Wednesday, September 28, 2005

On Tolstoy's War and Peace


How many times have you read the novel War and Peace?

My own answer is: Once.

It was one of the milestones and great moments in my life as a reader. Some of the other ones being 'What if to be done?' by Chernesvesky, 'Das Capital' by Marx, 'One Hundred Years of Solitude' by Marquez and 'The Real Life of Alejandro Mayta' by Mario Vargas Llosa.

It took me 18 hours to complete Resurrection but 6 months to read War and Peace. One reason of course is that I was in college and read Resurrection at a single stretch overnight.

But another was that I liked reading it slow. There was no particular plot in the novel, it was episodic- meaning I could leave off at any point and come back and continue after a few days without a break in continuity.

The characters that were sketched on paper also got sketched in the mind, slowly and imperceptibly. Prince Andrei, Levin, Natasha and General Kutzov, four of the nearly 1600 characters that populate the novel.

Tolstoy's canvas is large but also intense, he exemplified the Russian trait of writing the novel as a medium for philosophical if not psychological and sociological discourse. The novel is about 1500 pages long. The Russians always had a propensity for writing long, very long novels.

The reason might have been that the writers used to get paid by the number of words that they wrote. In the case of Dostoevesky this can be easily understood, he wasn't an aristocrat and struggled hard all his life to earn, even his,umm diversionary hobbies, gambling, for an example, were geared towards that noble and necessary end.

But the explanation sounds a bit dubious in case of Tolstoy, who was after all an aristocrat, a well- off count.

There has even been a lesser known 'sequel' to War and Peace, it was the novel Life and Fate by Vasili Grossman. The novel was secretly published outside Russia in the sixties and created quite a sensation. It is certainly one of the great Russian novels of the 20th century.

One of the discussions in the novel is on the classical Russian writers including Chekov and Tolstoy. Chekov, one character in Life and Fate remarks, was a man born in a working class family and went to be a part of the middle class while qualifying and later working as a doctor in the smaller towns and villages of Russia, while Tolstoy, with his aristocratic upbringing as part of the ruling class, was more concerned about the 'big questions' of the times and sought to create a 'world view' using the novel.

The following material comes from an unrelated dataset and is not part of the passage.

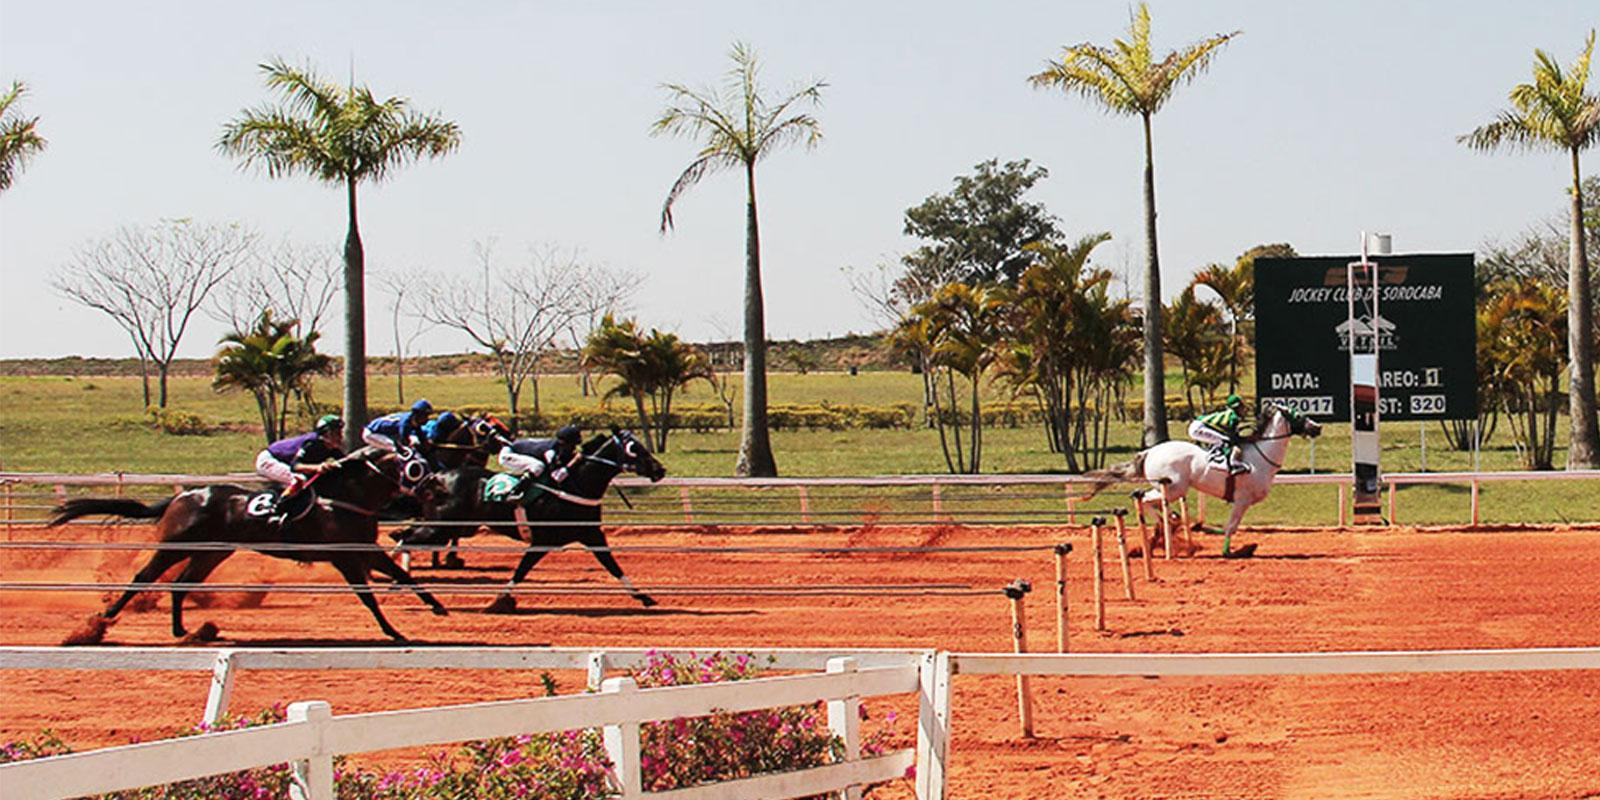 1º Páreo - Reunião 14 no Jockey Club de Sorocaba

Chekov is a far more 'democratic' writer who sought to show the human strengths and foibles in his short stories. Tolstoy, the character concludes, is far more useful for the Soviet appartchik ruling class, which probably explains why the Soviets gave so much of importance and publicity to his works, besides a whole lot of nearly cost free translations throughout the world.

Incidentally, the historian Orlando Figes Natasha's Dance: A Cultural History of Russia is not only titled after one of the characters in the novel, but also uses the novel to trace the development of Russian culture in the 19th century. It is a must read for anyone who has grown up reading and admiring the great Russian masters.